Sarà comunque difficile per il candidato dell’opposizione Eduardo Montealegre riuscire a superare Ortega poiché i nicaraguensi, al momento, sembrano non aver intenzione di cambiare direzione dal punto di vista politico. L’opposizione ha ancora qualche mese per tentare di emulare il Venezuela, ma i sondaggi fino ad oggi non danno grandi speranze a chi sogna un rinnovamento.

Le previsioni riguardanti le elezioni del 2016, quindi, sembrano gettare acqua sul fuoco di chi parlava di svolte epocali e primavere latinoamericane. Non si può certo negare una crisi generale dell’egemonia delle forze al potere, che vedono la nascita di grandi coalizioni antigovernative, formate da forze prima antagoniste che si uniscono per sconfiggere il Presidente di turno. Allo stesso modo non si può non vedere come anche in America Latina i movimenti populisti stiano ottenendo il favore di una buona fetta della popolazione. Ma ciò non stupisce se si tiene conto del fatto che anche quest’area, come tutto il resto del mondo, ha subito le conseguenze di una crisi economica che ha creato un malcontento generalizzato tra le popolazioni.

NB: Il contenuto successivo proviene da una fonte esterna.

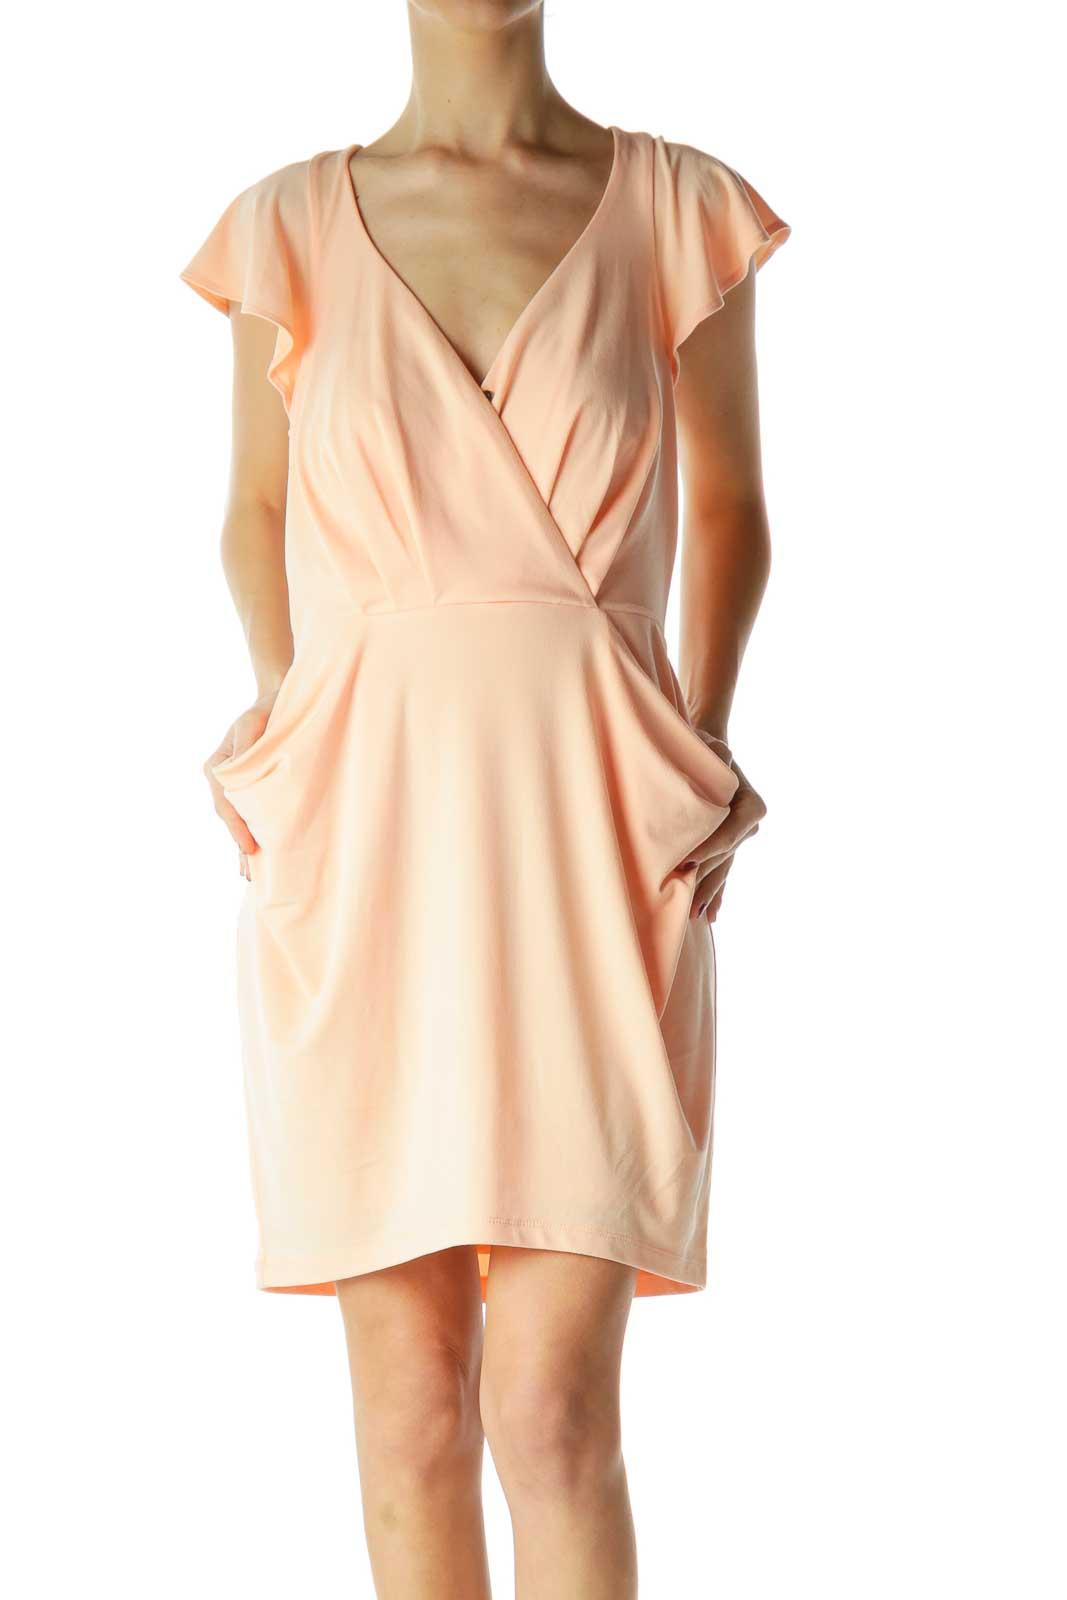 Orange Pocketed Surplice Cocktail Dress
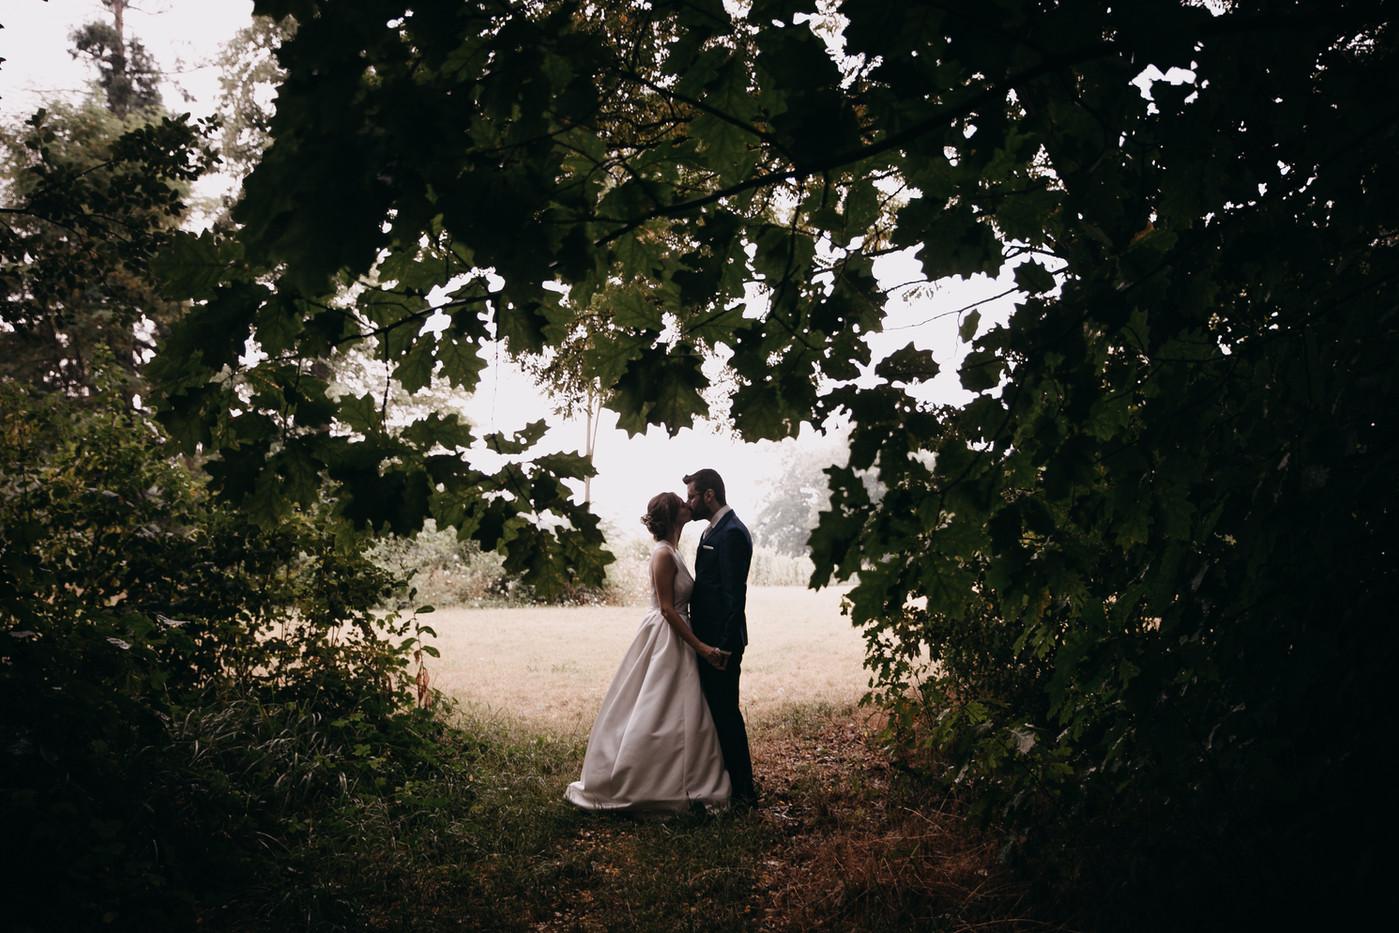 huwelijksfotogafie

Allo stesso modo, però, parlare di svolta storica appare esagerato. Sicuramente l’Argentina, il Venezuela e il Guatemala hanno segnato una tappa importante della propria storia nazionale. Ma probabilmente resteranno dei casi isolati, al contrario di quanto si potesse credere. L’errore nelle analisi potrebbe essere stato quello di aver trattato l’America Latina come un’unica grande area territoriale in cui i meccanismi sono gli stessi ovunque. Niente di più sbagliato in quanto i singoli Stati vivono situazioni molto diverse tra loro. Ad ogni modo l’unica cosa che si può fare per capire se il vento del cambiamento ha iniziato a soffiare anche in Sud America è attendere i risultati delle elezioni future. Soltanto alla fine del 2016 si potrà dire chi aveva ragione.